Yönetmeliğin “İdarenin rücu hakkı” başlıklı 11 inci maddesinde;

“Memurların görevlerini, kasıt, ihmal veya tedbirsizlik sonucu gereken dikkat ve itina ile yapmamaları sebebiyle zarara uğrayan kişilerin zararları, başvurdukları mahkeme veya makamlarca verilen kararlar uyarınca ilgili kurumlarca karşılanır.

Kurumların genel hükümlere göre sorumlu memurlara rücu hakları saklıdır.” hükmüne yer verilmek suretiyle 657 sayılı Kanunda belirtilen rücu hakkı, alt normda da yinelenmiştir.

Öte yandan Yönetmeliğin “Amirlerin sorumlulukları” başlıklı 9 uncu maddesinde;

“(…) b) Memurlarca verilen zararların miktarının tesbiti ve ilgililerden bu yönetmelik veya genel hükümlere göre tahsili konusunda yapılacak işlemlerin zamanında ve eksiksiz yürütülmesinden, zararı veren memurların görevli bulundukları kurum ve kuruluşların o mahaldeki amirleri müteselsilen sorumludurlar.” hükmüne yer verilmiştir.

“Zararların takibi ve yapılacak diğer işlemler” başlıklı 10 uncu maddesinde ise;

“Zararı veren memurun amirleri, zararın vuku bulduğu tarihi izleyen 3 gün içinde zararın konusu ile memurun sorumluluğunu belirten tüm bilgi ve belgeleri, o kurum ve kuruluşun en üst yöneticisine iletirler. En üst yöneticiler bilgi ve belgelerin kendilerine intikal ettiği tarihi izleyen 10 gün içinde bu yönetmeliğin 7 nci maddesinde belirtilen usul ve esaslar uyarınca zarar miktarını tesbit ettirirler. (…)” hükmü yer almaktadır.

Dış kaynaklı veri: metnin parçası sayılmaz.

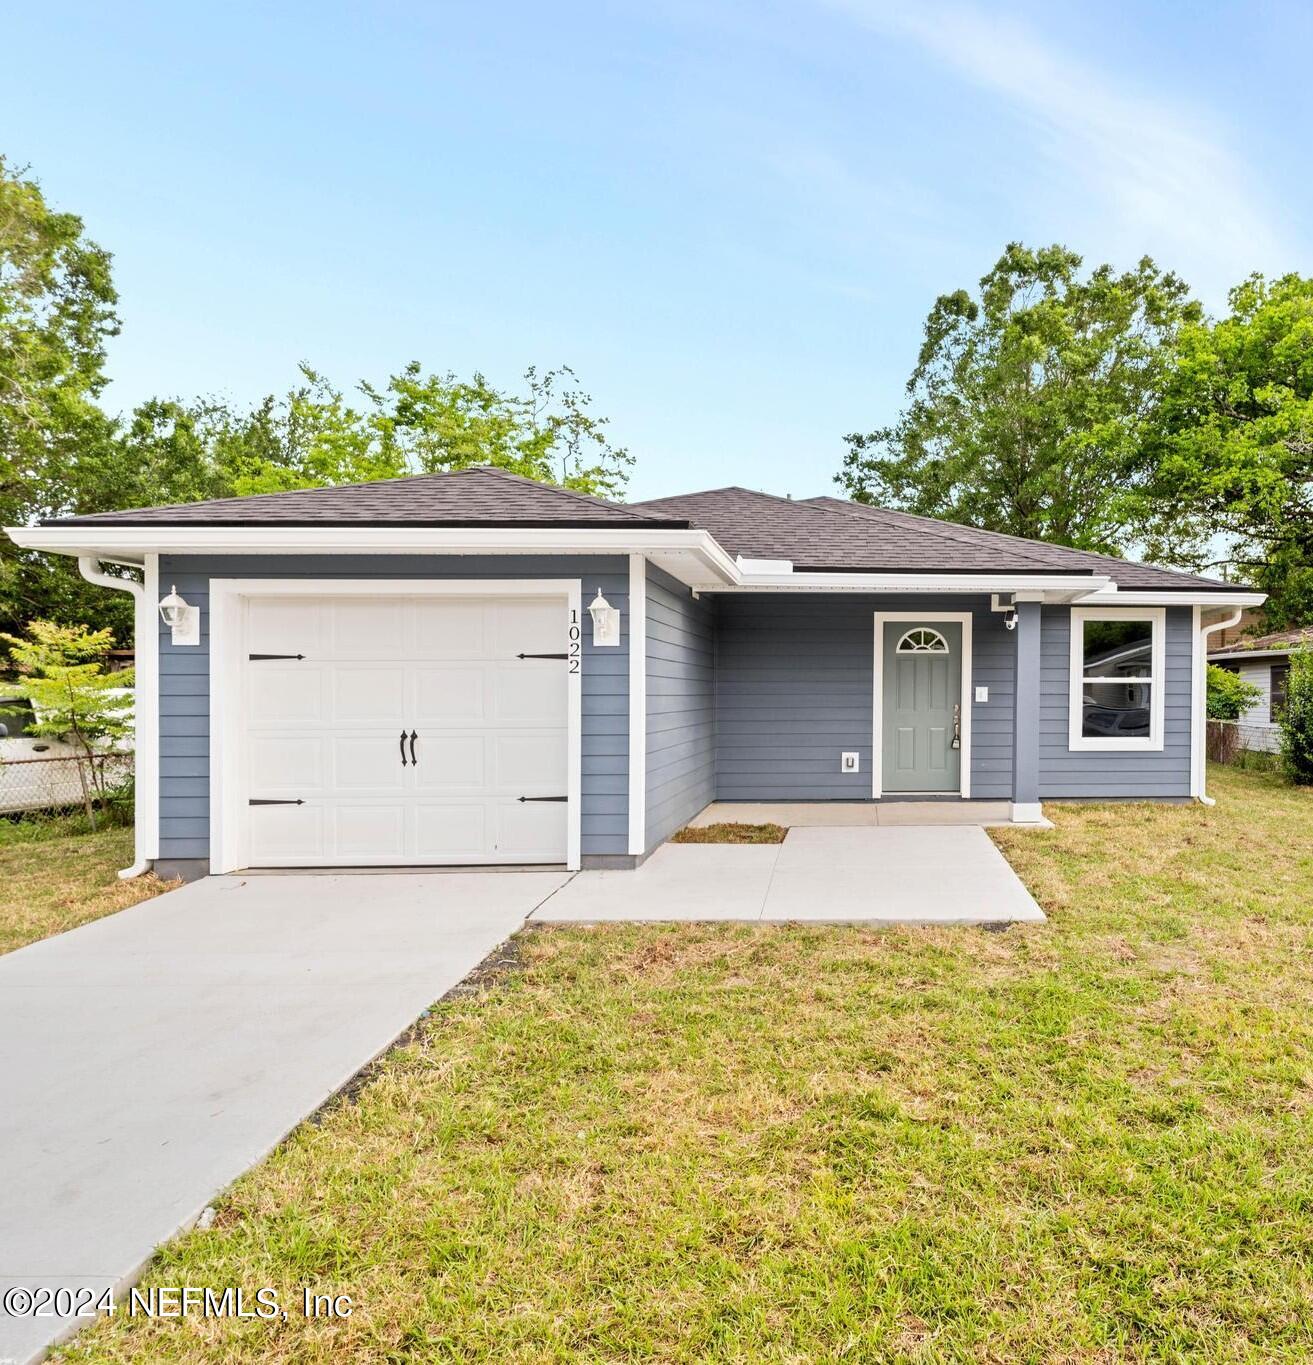 Jacksonville, FL home for sale located at 1022 W 24th Street, Jacksonville, FL 32209

Anılan Yönetmeliğin “Zararın ve miktarın tespiti” başlıklı 7 nci maddesinde; memurların hizmet kusurlarından doğan zararların miktarının, kurumların üst yöneticilerinin belirleyeceği memurun ilk amirinin de bulunduğu 3 kişilik bir heyet tarafından tespit edileceği; “Zararların ödettirilme şekli” başlıklı 8 inci maddesinde ise söz konusu zararların, işin icabına ve genel hükümlere göre sorumlularından sulh yolu ile veya hükmen tahsil edileceği belirtilmiştir.

Ek olarak Kamu Zararlarının Tahsiline İlişkin Usul ve Esaslar Hakkında Yönetmeliğin “Kamu zararlarının belirlenmesi” başlıklı 6 ncı maddesinde

“Kamu zararının belirlenmesinde; (…)

g) Kamu idaresinin yükümlülüklerinin mevzuatına uygun bir şekilde yerine getirilmemesi nedeniyle kamu idaresine faiz, tazminat, gecikme zammı, para cezası gibi ek malî külfet getirilmesi,(…) esas alınır.” denilmektedir.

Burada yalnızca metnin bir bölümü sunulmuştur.